И поэт вернулся в родной лес. А тот упорно внущал ему свои образы – и, переступая через бесчисленные древесные корни, Сергин видел в них то мощь и силу земных якорей, то внедрённые в почву когти могучих птиц, то пытливые пальцы во прахе веков… Едва ли ошибусь в догадке, что подобные художественные тропы метафорически возвращали автора к собственному, подсознательно-материнскому «вепсству». Ведь его стихи и рассказы о матери – одни из самых проникновенных. А что ещё остаётся от вырубленного на 96,2% леса, как не корни в земле?

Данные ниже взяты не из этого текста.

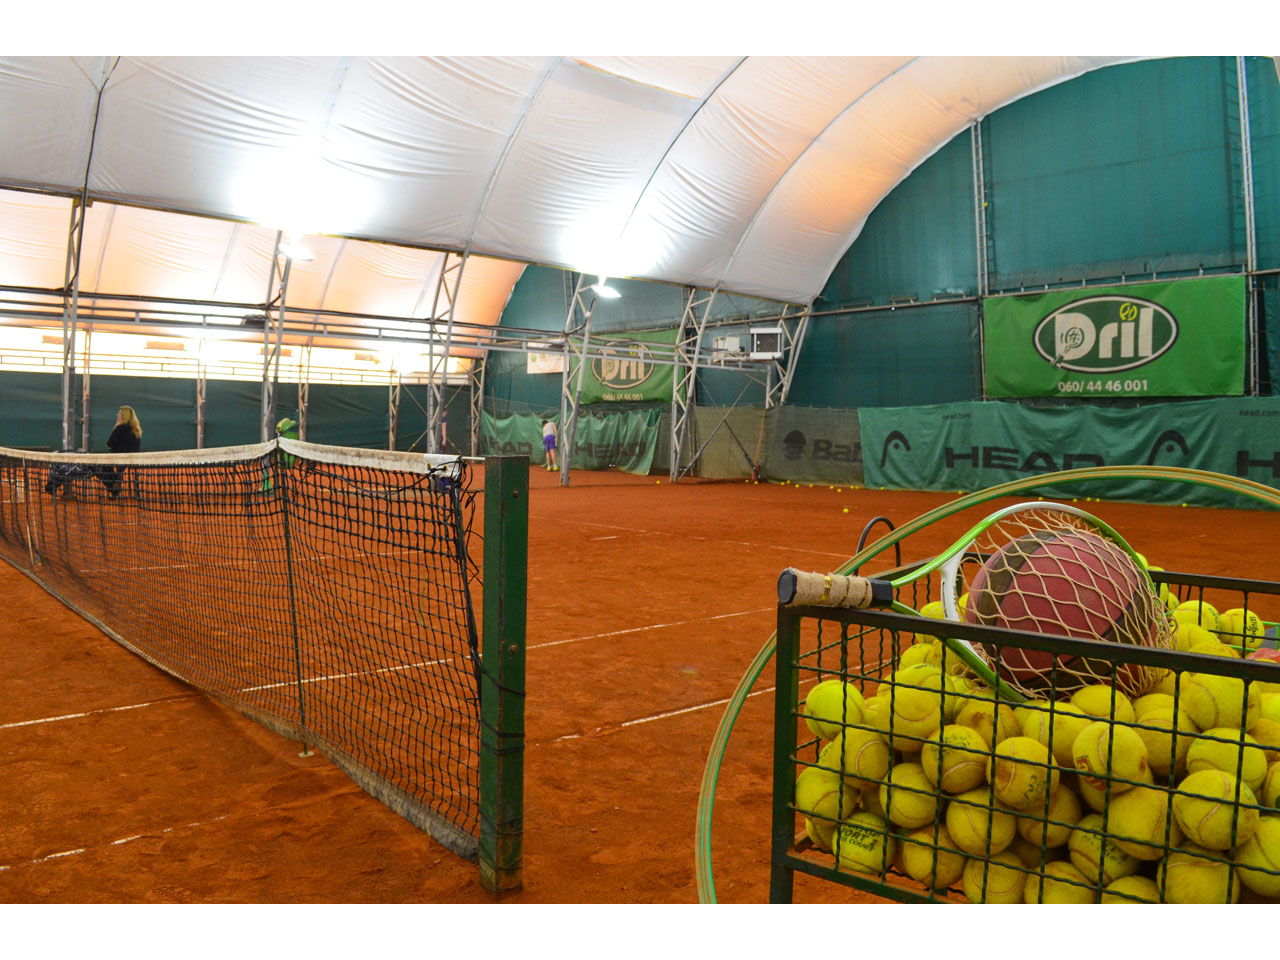 DRIL TENNIS CLUB Tennis courts, tennis schools, tennis clubs Belgrade - Photo 7
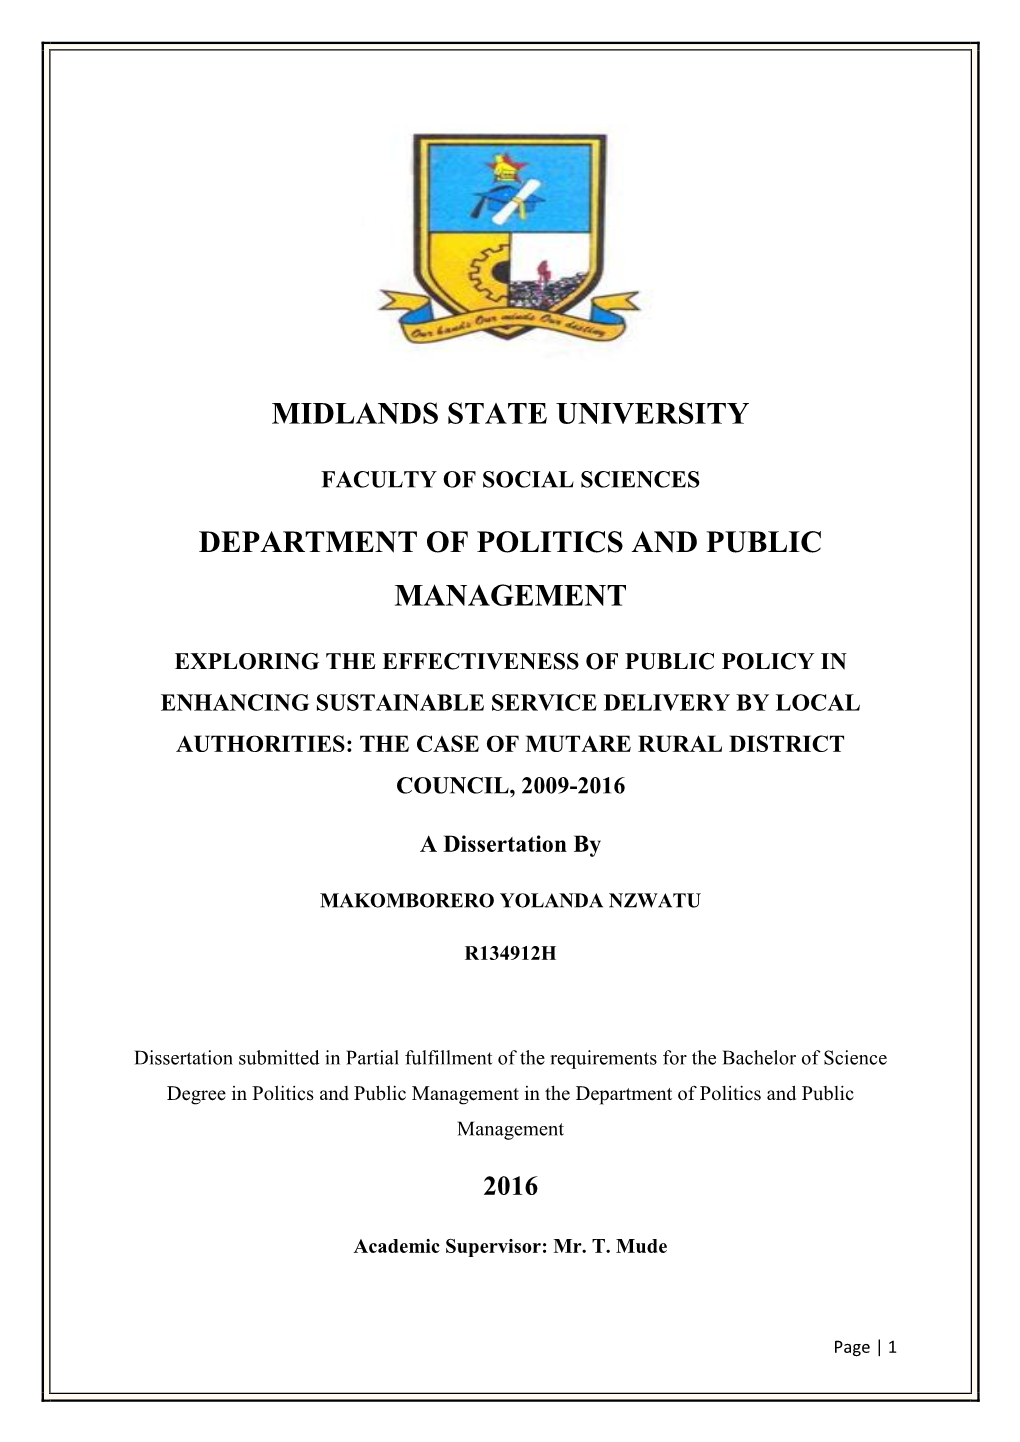 Department of Politics and Public Management

Свою просеку в русской поэзии Виктор Сергин проложил с дохристанской простотой и прямотой. И к людям пришёл: помолчим – и услышим зелёный, широкий шум его стихов.
Роберт ВИНОНЕН,
г. ХЕЛЬСИНКИ,
Финляндия
Роберт Иванович ВИНОНЕН родился в 1939 году в Ленинградской области. Окончил в 1966 году Литинститут. В 1972 году защитил кандидатскую диссертацию. Автор многих поэтических сборников. В лихие 90-е годы переехал из Москвы в Финляндию, оставшись российским гражданином.